**WHAT THE TASK ASKS**
From the line containing "Dimensions. 71 W ; 17 1/2 D ; 30 H" to the last line of the listing, transcribe exactly and add nothing else; keep both ends and omit pictures.

**SOURCE DATA**
_ _ _ _ _ _ _

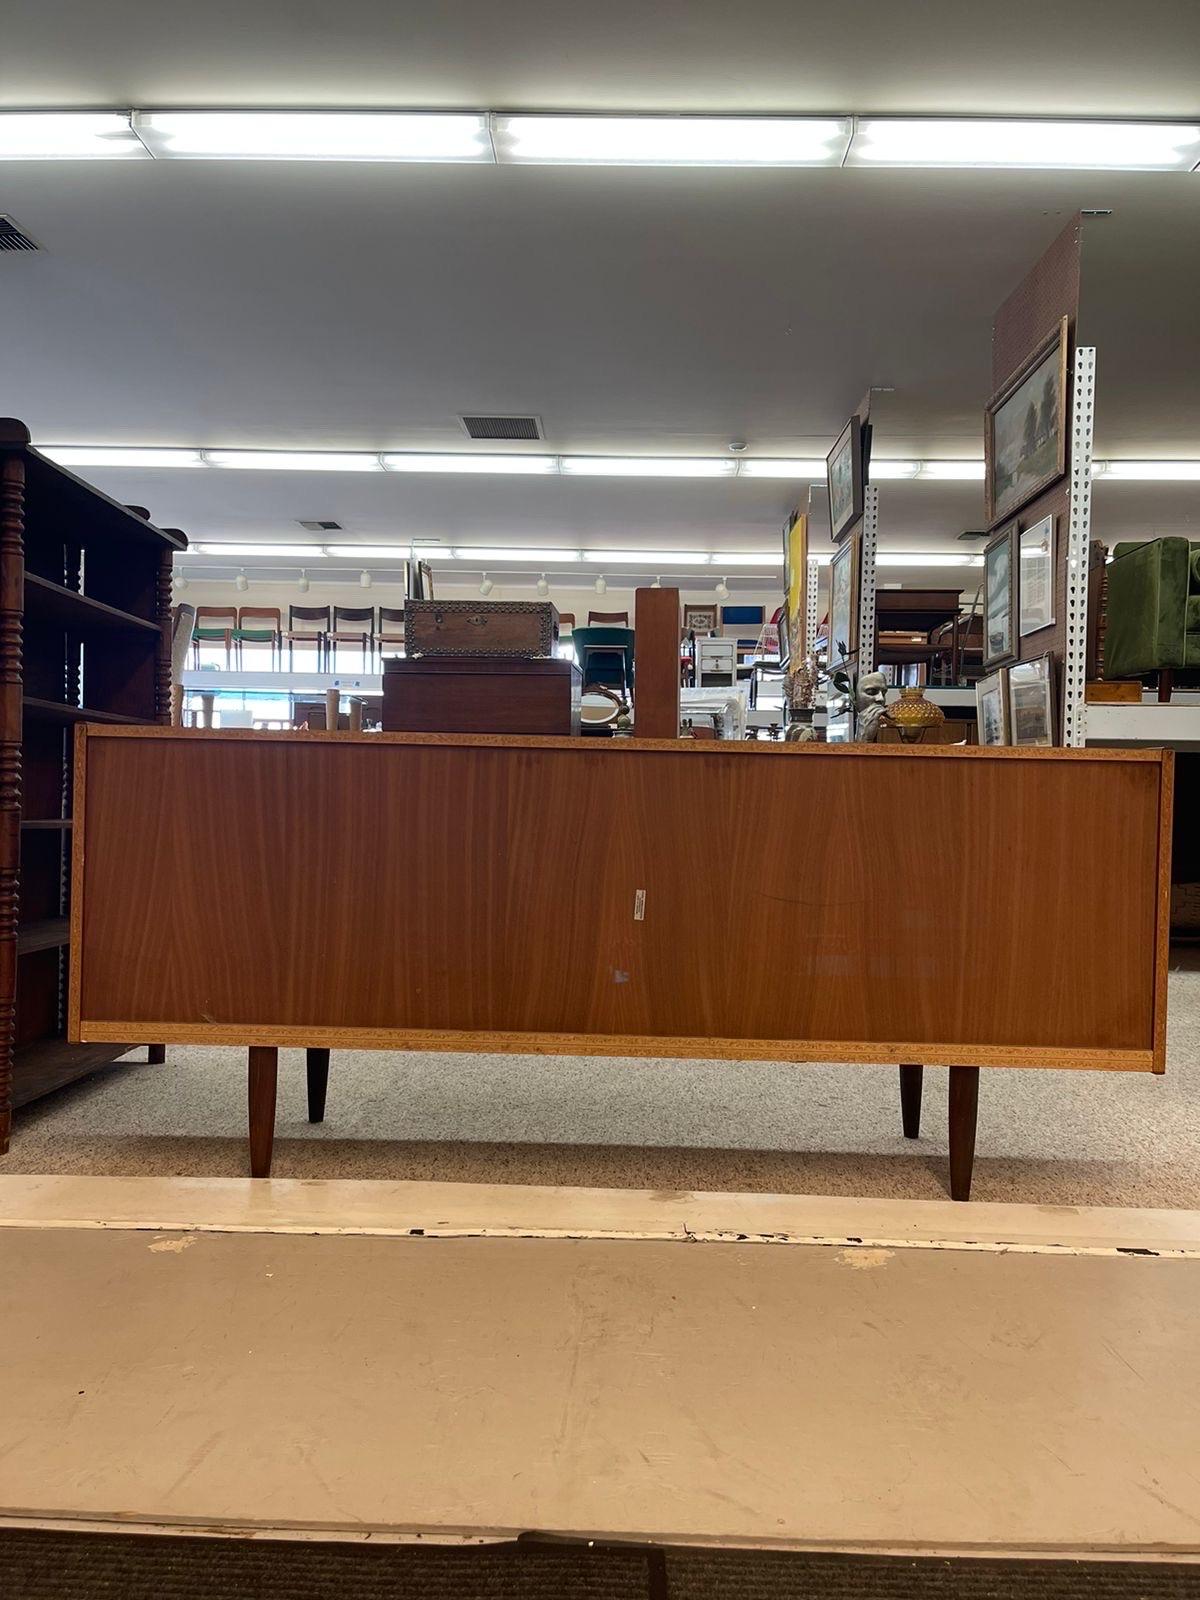 This Credenza Features Adjustable Shelves and Two FeltedDrawers with Dovetail Detailing. Makers Mark on the Back Stating “ JYDSK MOBELINDUSTRI SKANDERBORG “ . Made in Denmark as Pictured.

Dimensions. 71 W ; 17 1/2 D ; 30 H
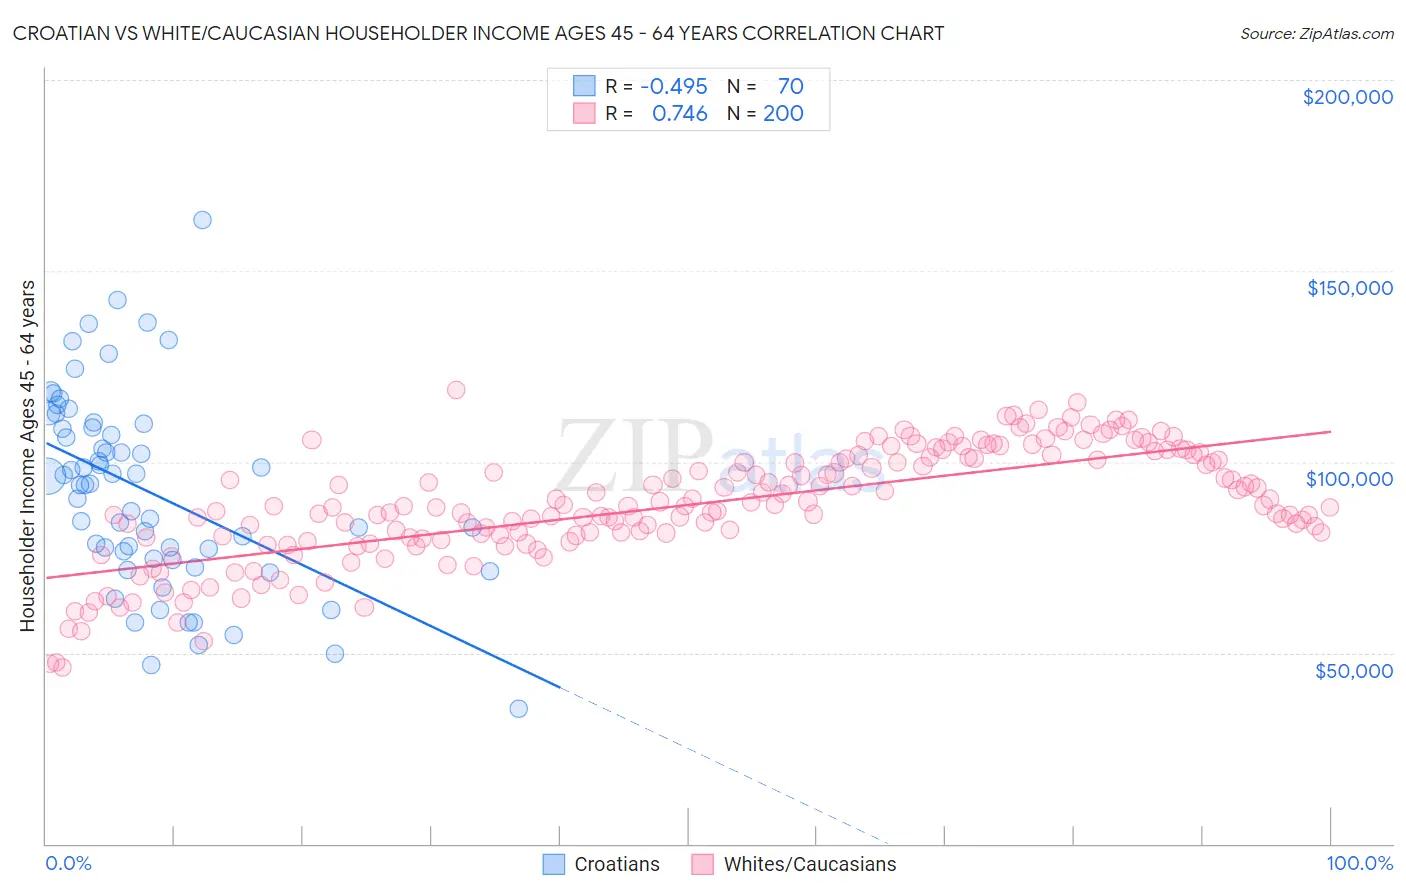 Croatian vs White/Caucasian Householder Income Ages 45 - 64 years
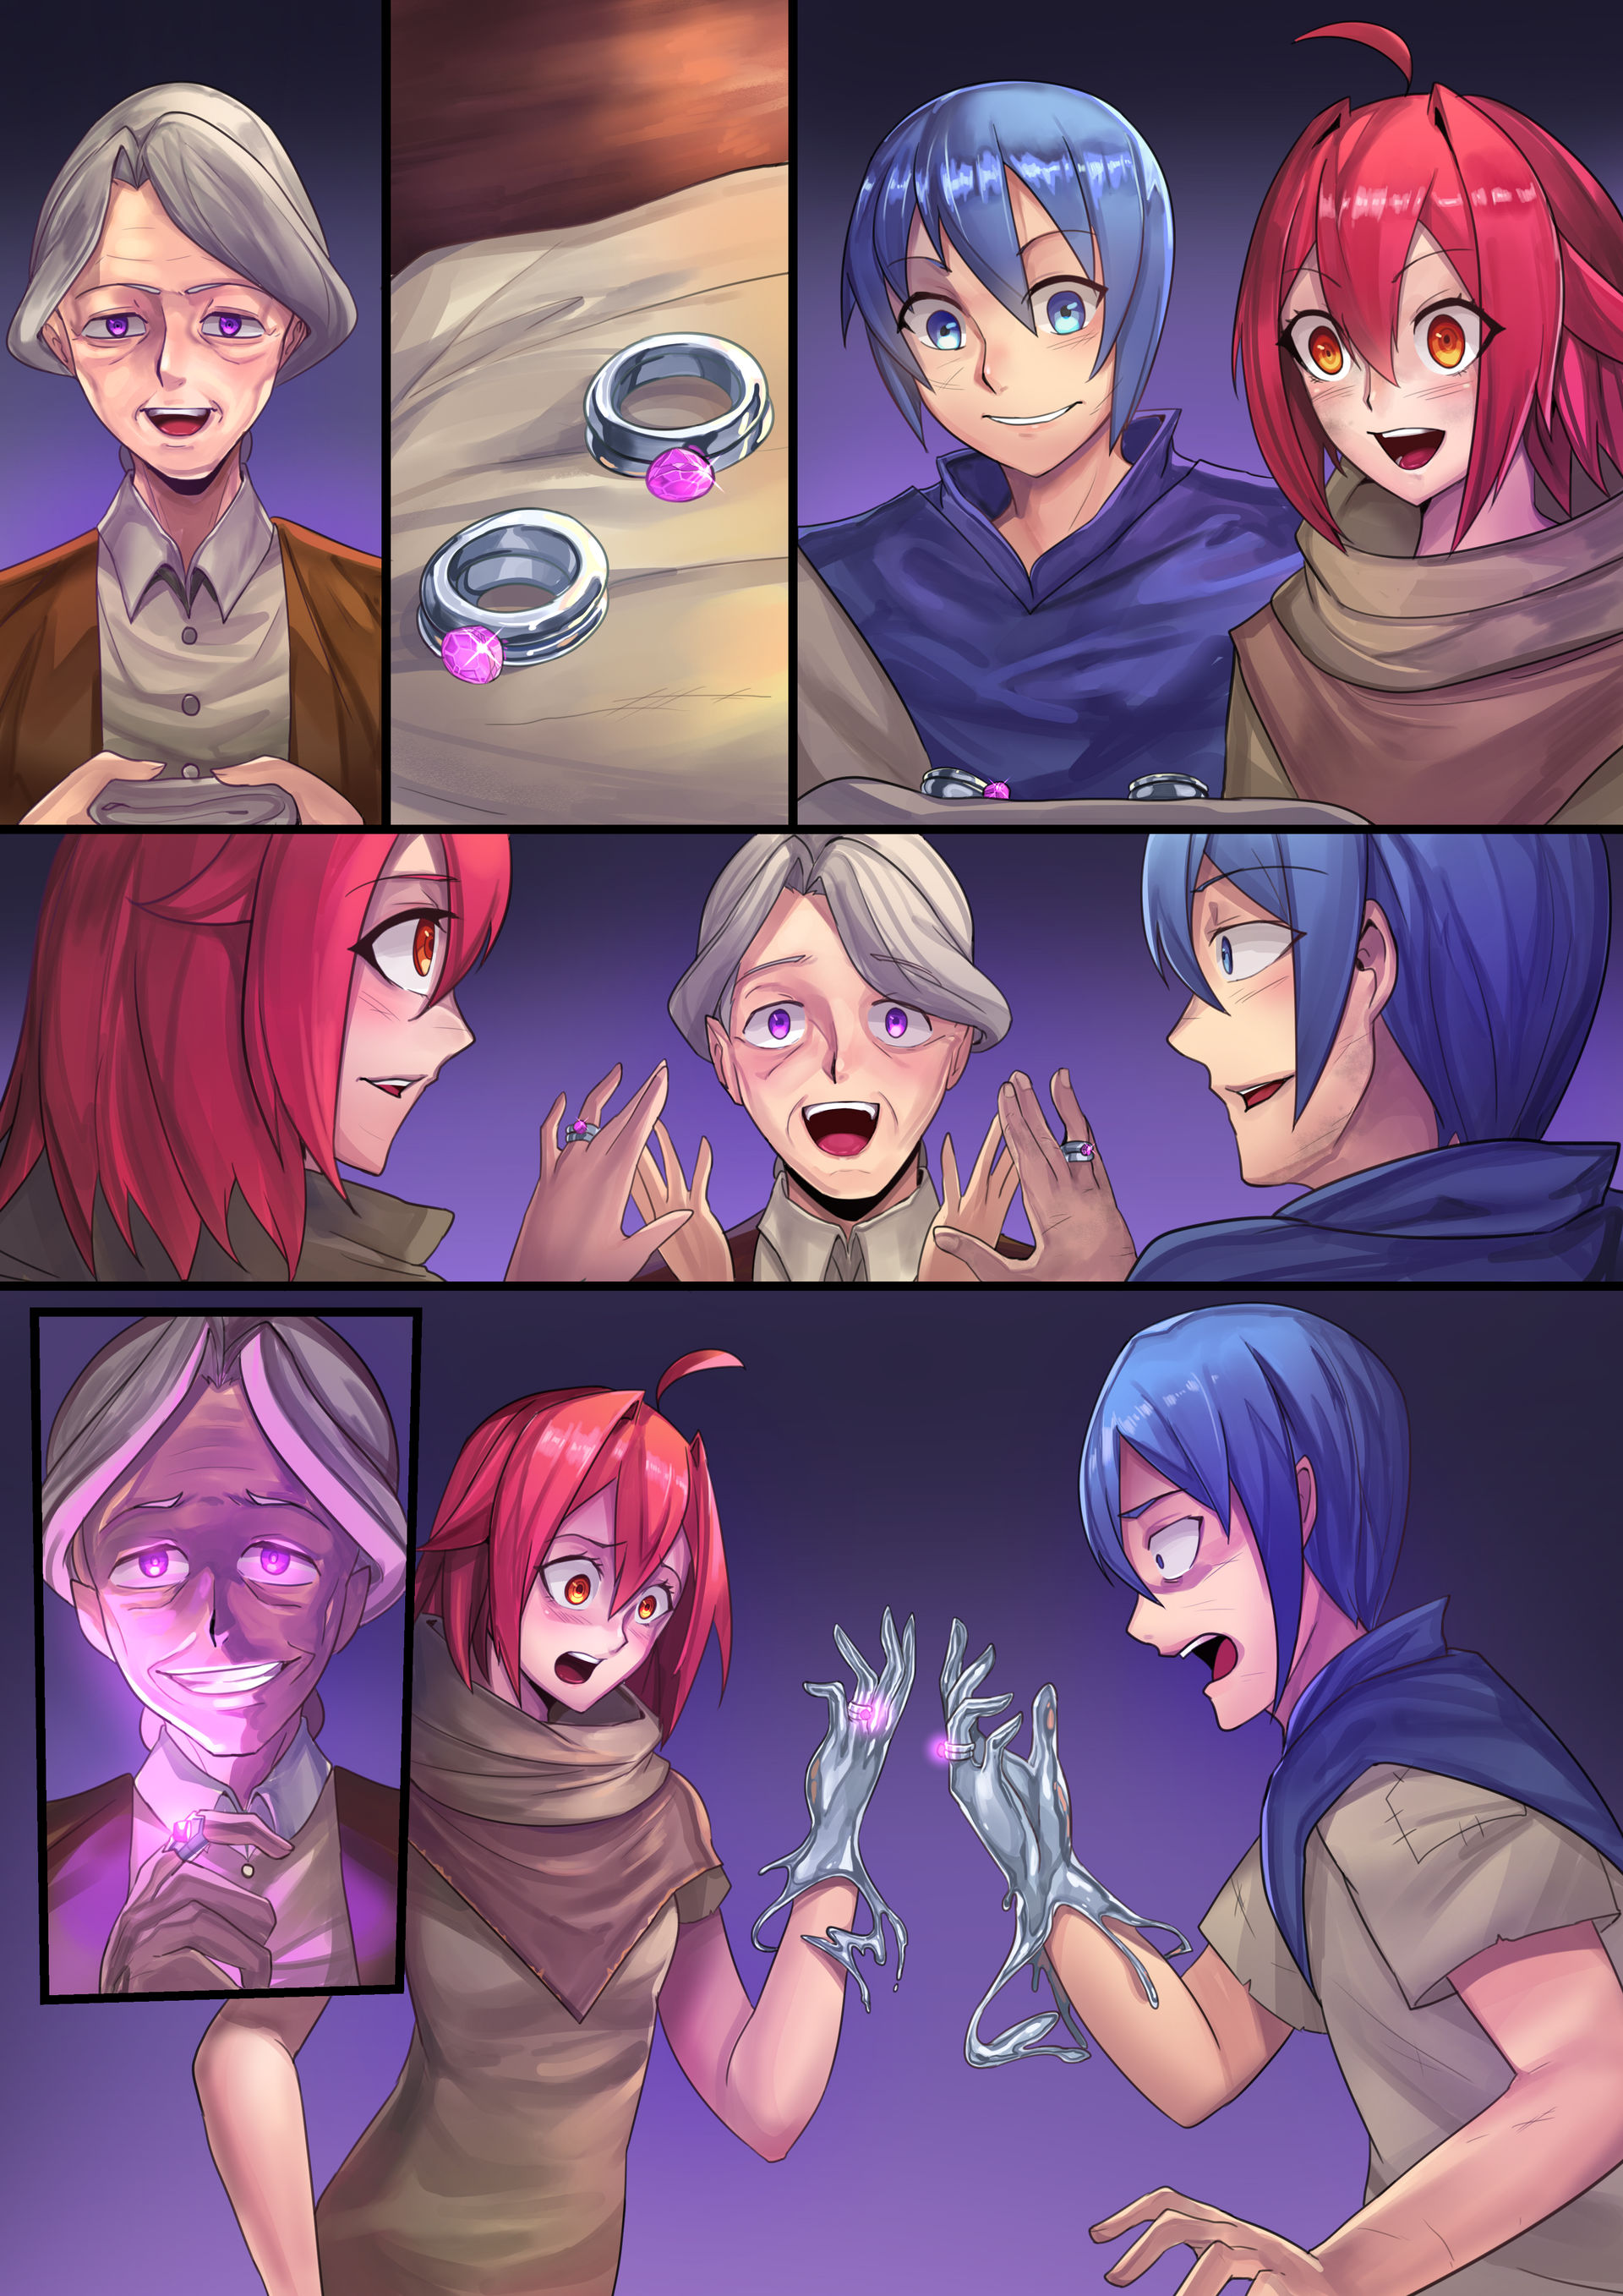 Ninja and the dark cult 2 page 3 by ibenz009 on DeviantArt

_ _ _ _ _ _ _

**EXERCISE SOLUTION**
Dimensions. 71 W ; 17 1/2 D ; 30 H
 Croatian vs White/Caucasian Householder Income Ages 45 - 64 years
 Ninja and the dark cult 2 page 3 by ibenz009 on DeviantArt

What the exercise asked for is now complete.